With hundreds of roles across a range of SaaS apps and cloud providers, each offering different access levels, it is a complex task that cannot be solved only through RBAC or regular access reviews. A single place to manage fine-grained and short-lived system access is needed. Here is how we built that at Lumos.

Use Case: Customer Instances at Lumos

From time to time, engineers or customer support will need to access customer instances to debug issues. We follow a default-deny approach; access to a given customer’s instance needs to be explicitly granted. We have an internal system that provisions and deprovisions this access. It worked, but we had to run it manually when an employee would request access over a Slack DM. Then we had to remember to revoke access.

Authorization around internal tooling is a problem faced by companies of all sizes. We leverage Lumos to streamline and monitor access to our sensitive internal tooling.

Let’s break the problem down.

1. What are the requestable resources?

In our case, each customer instance is a requestable resource.

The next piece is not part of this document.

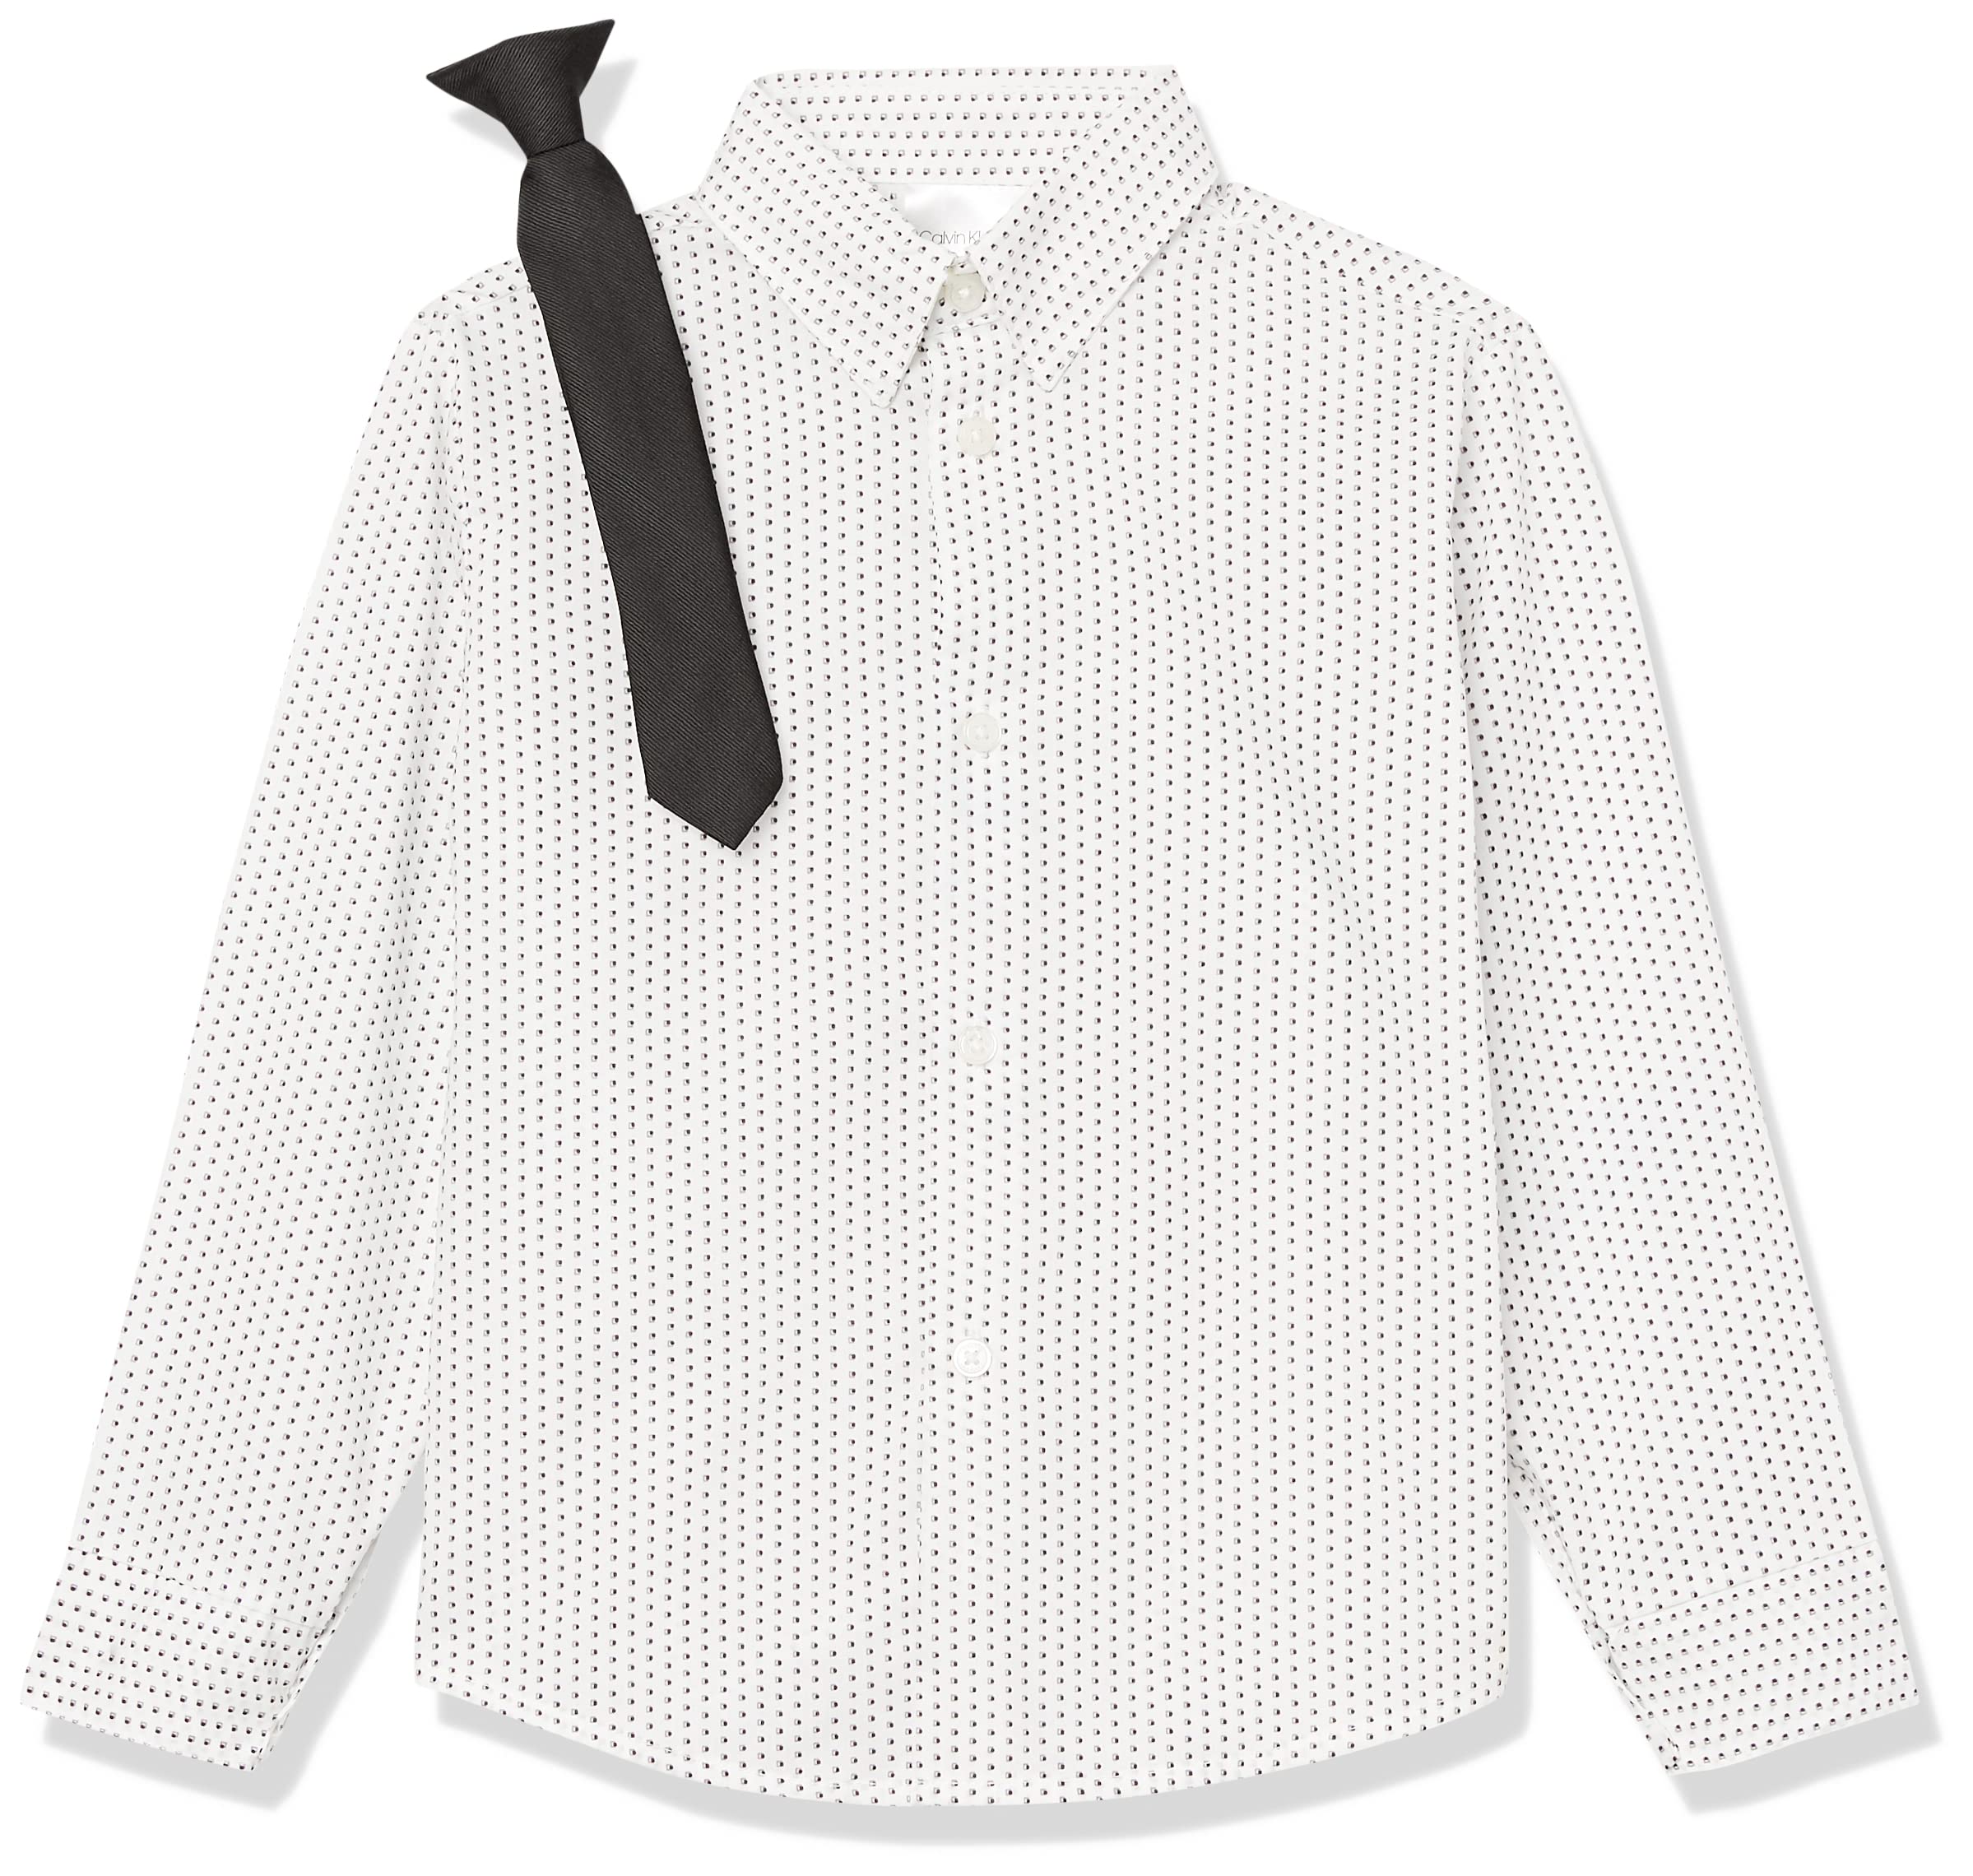 Calvin Klein Boys' 4-Piece Formal Suit Set, Vest, Pants, Collared Dress Shirt, and Tie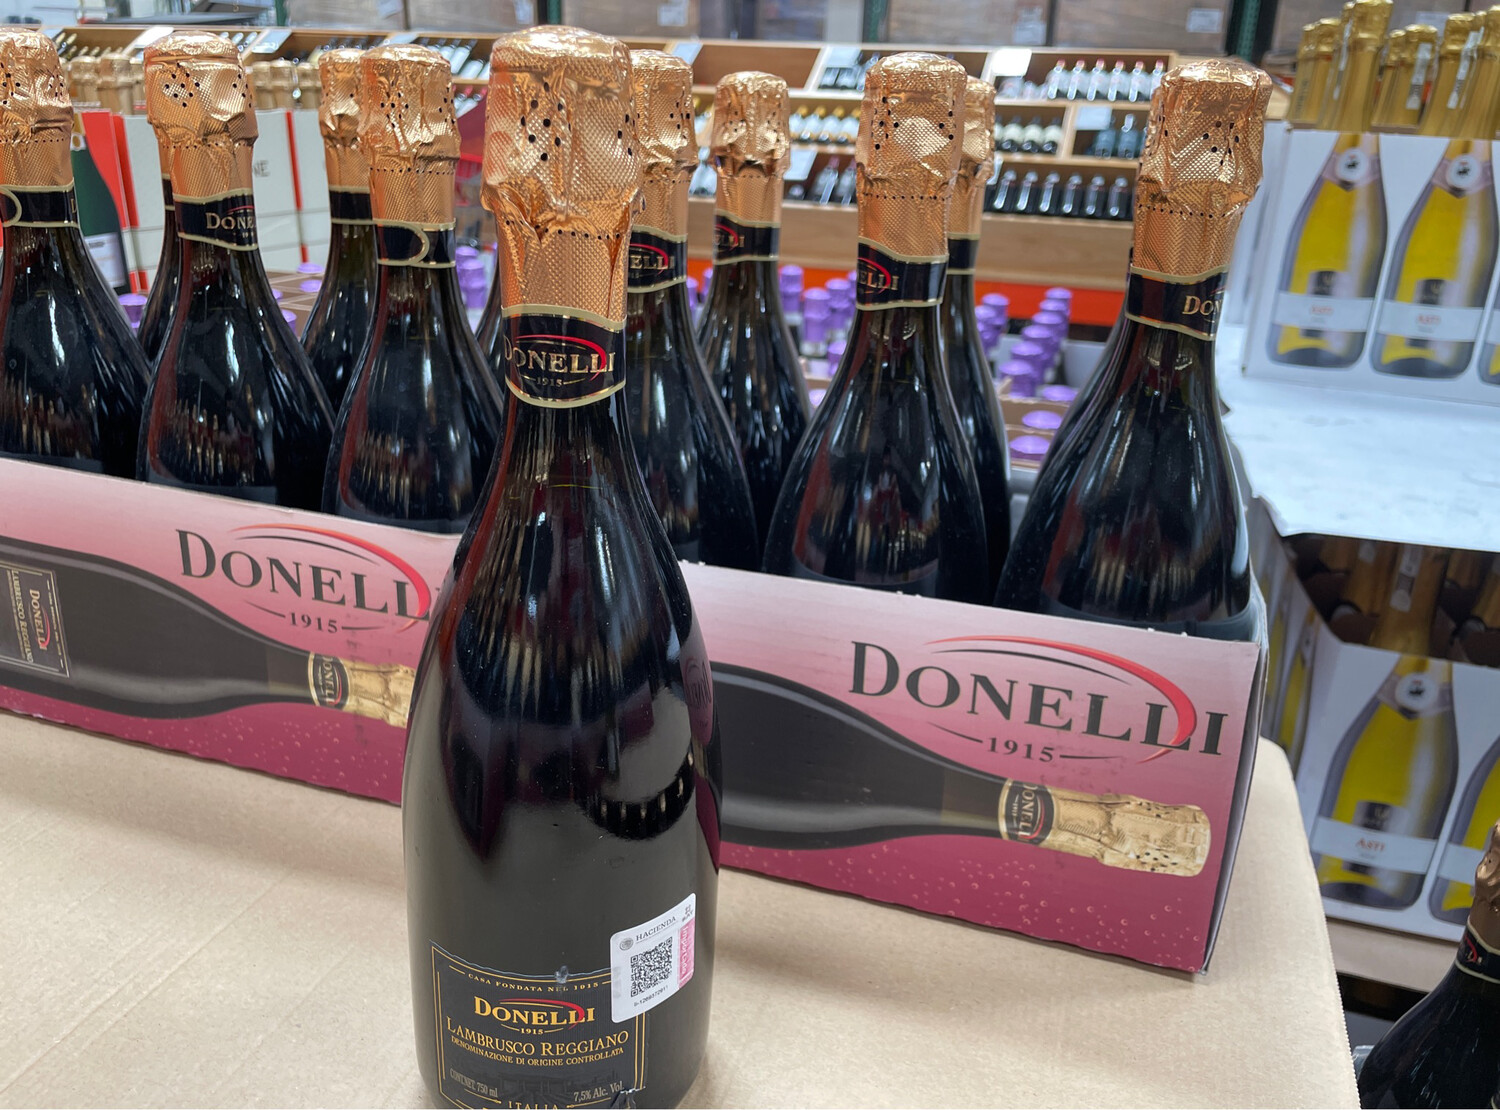 Donelli Lambrusco sparkling red wine 750ml

This list of customers is dynamic and will change over time. We have a AWS Lambda function that runs daily that answers the question: “what is our current list of active customers?”. Then, the function creates a “requestable permission” in Lumos for each customer using the Lumos API.

We can configure these permissions so that they can only be requested for either 2 or 4 hours.


2. Who should be pre-approved?

As said before, security is a constant balance between risk and business value. In our case, if a user is currently on-call for an engineering team, they should automatically be granted time-based access to a specific customer’s instance.

Lumos integrates with PagerDuty, enabling you for example to automatically pre-approve employees who are currently on-call.


3. Slack-based access

During a stressful incident you don’t want the engineer to overthink. We make requesting access easy with our Slack-first flow. In addition to the Slack client there is also the web UI if that is preferable. The end user can pick to get access for, say, 2 hours. However, users don’t always know how long they need access. So, an end user can pick that they want to have access as long as they are on-call, defined in PagerDuty in our case. With Lumos, we support both time-base access and event-bound access.

4. Provisioning through webhooks

We have an Okta Workflow set up to call our internal service that provisions access to customer instances. We were then able to set up this workflow as a webhook on Lumos.

5. Automatic time-based deprovisioning

We avoid relying on a human to remember to deprovision access. By restricting the access length to 2 or 4 hours or to the time an engineer is on-call, we are guaranteed that there will be no long-lived access to any customer instance.

This is secure IAM by design rather than by process. It’s less complex, requires less manual work by all parties, and eliminates the possibility of sustained privileged creep.

6. Full Audit Log

When audit time rolls around we won’t need to go through the laborious process of performing a point-in-time access review for all of your internal tooling. We export our audit-logs and prove how access is provisioned and deprovisioned with certain timestamps. Also, we can send all those logs to a SIEM like Sumo Logic or Splunk

Summary

Big enterprises and DoD vendors are trusting Lumos with their data because of our approach to access control. By leveraging our own tool we’ve been able to reduce the complexity and size of access reviews while at the same time strengthening our security posture.

We’re able to make everyone happy: the engineer is happy because they were on-call and were immediately unblocked because of pre-approvals, the security team is happy because that access will be given and revoked automatically, the auditors are happy because this is all recorded in our Activity Log, and sales is happy because even heavily regulated customers trust Lumos to manage their access.

Many other companies have built internal tools for this. Airbnb's Access Manager, GitHub's Entitlement App, Twilio Segment's Access Service, … We built Lumos to streamline what many teams have built internally to prove that a great security tool can both make you more productive and decrease risk.